Anyway I thought the price on the package was $69 so I thought it was a great deal. I didn't see the $169. I was already there so I got it anyway. I talk too much so here's the pics.


----------



## OwenM (Oct 17, 2012)

My Cobia is feeling a bit surly...and svelte, at 24.9lbs.


----------



## shekky (Oct 21, 2011)

OwenM said:


> My Cobia is feeling a bit surly...and svelte, at 24.9lbs.
> View attachment 1042726


oh well...


----------



## OwenM (Oct 17, 2012)

Well, they say it's the thought that counts. Thank you very much!
The LBS also gave me a pull-off stem just like my stock one, but in between that and the one I've decided is a bit too short. 
Just got done mounting that up, so it'll be like trying a whole new bike tomorrow 








'Cept the stem is back to being white for the moment...


----------



## Burt4x4 (Feb 21, 2013)

WTB 2.4 Trail Boss :thumbsup: got for 29 bucks too :thumbsup:









And picked up a backpack. This one is for clothes, shoes, food, etc....
Osprey Comet 30








Love the quality and design of Osprey!! Awesome :thumbsup:

RIDE!!!!!!!!!!!!!!!!!!!!!!!!!!!!!!!!!!


----------



## Jing (Sep 4, 2013)

Burt, you'll need a high quality pack to lug that pipe wrench around. You must have some gnarly wrecks if you have to carry a tool like that!

Great deal on the tire.


----------



## shekky (Oct 21, 2011)

cheap ($18.99 via ebay) chinese "5000 lumen" solar storm 5000 cree U2.

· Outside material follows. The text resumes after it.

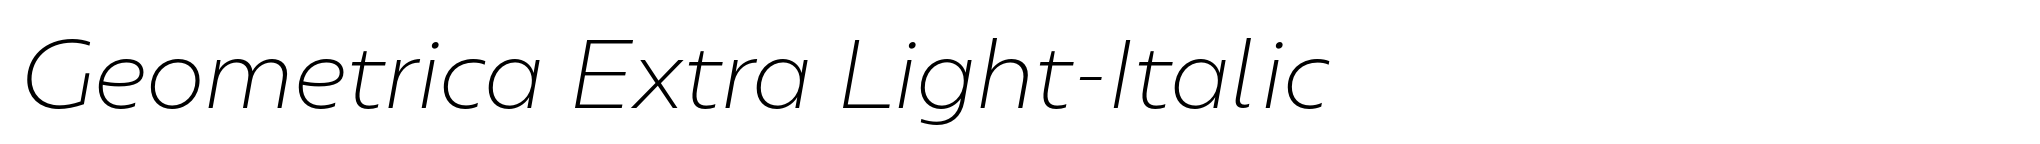 Geometrica Extra Light-Italic image

we will see how long this thing lasts. my first cheap cree light lasted just over a year and my second is still working although the connector can be a little recalcitrant. 

the thing is BRIGHT and i don't care if it's only 1500 or 2000 lumens rather than 5000. i'm also pretty stoked on how small it is. 

in san francisco, you can tape dead batteries to the top of your recycling bin so when this one dies, i'll just find another.


----------



## 007 (Jun 16, 2005)

^^^ Hey Shekky, nice pick up . . . just don't leave it charging unattended (I'm serious).


----------



## shekky (Oct 21, 2011)

007 said:


> ^^^ Hey Shekky, nice pick up . . . just don't leave it charging unattended (I'm serious).


oh, i've heard about that. some dude damn near burned his house down.


----------



## shekky (Oct 21, 2011)

007 said:


> ^^^ Hey Shekky, nice pick up . . . just don't leave it charging unattended (I'm serious).


A Cheap Chinese Bike Light Nearly Burned Down this Rider?s House | Singletracks Mountain Bike News


----------



## shishono (Jan 10, 2016)

I bought more of 18650 batteries for my bike flashlight.
My flashlight is good. It's jetbeam br10gt 
Pros
- small
- very bright. you can watch when I use on my trip here for example.
- easy to unmount
- easy to change batteries, bring many you want or find new one
- brightest mode can take 2 hrs

Cons
- not as bright as big flashlight with external battery


----------



## shekky (Oct 21, 2011)

new bar tape for the 'cross...five years after i got it. wrapped it right over the red stock tape. hopefully, that'll make riding this bike on dirt a wee bit more comfortable.


----------



## DIRTJUNKIE (Oct 18, 2000)

shekky said:


> A Cheap Chinese Bike Light Nearly Burned Down this Rider?s House | Singletracks Mountain Bike News


YIKERS!
Did his insurance cover him for a better light setup?


----------



## bigkat273 (Jan 16, 2008)

DIRTJUNKIE said:


> YIKERS!
> Did his insurance cover him for a better light setup?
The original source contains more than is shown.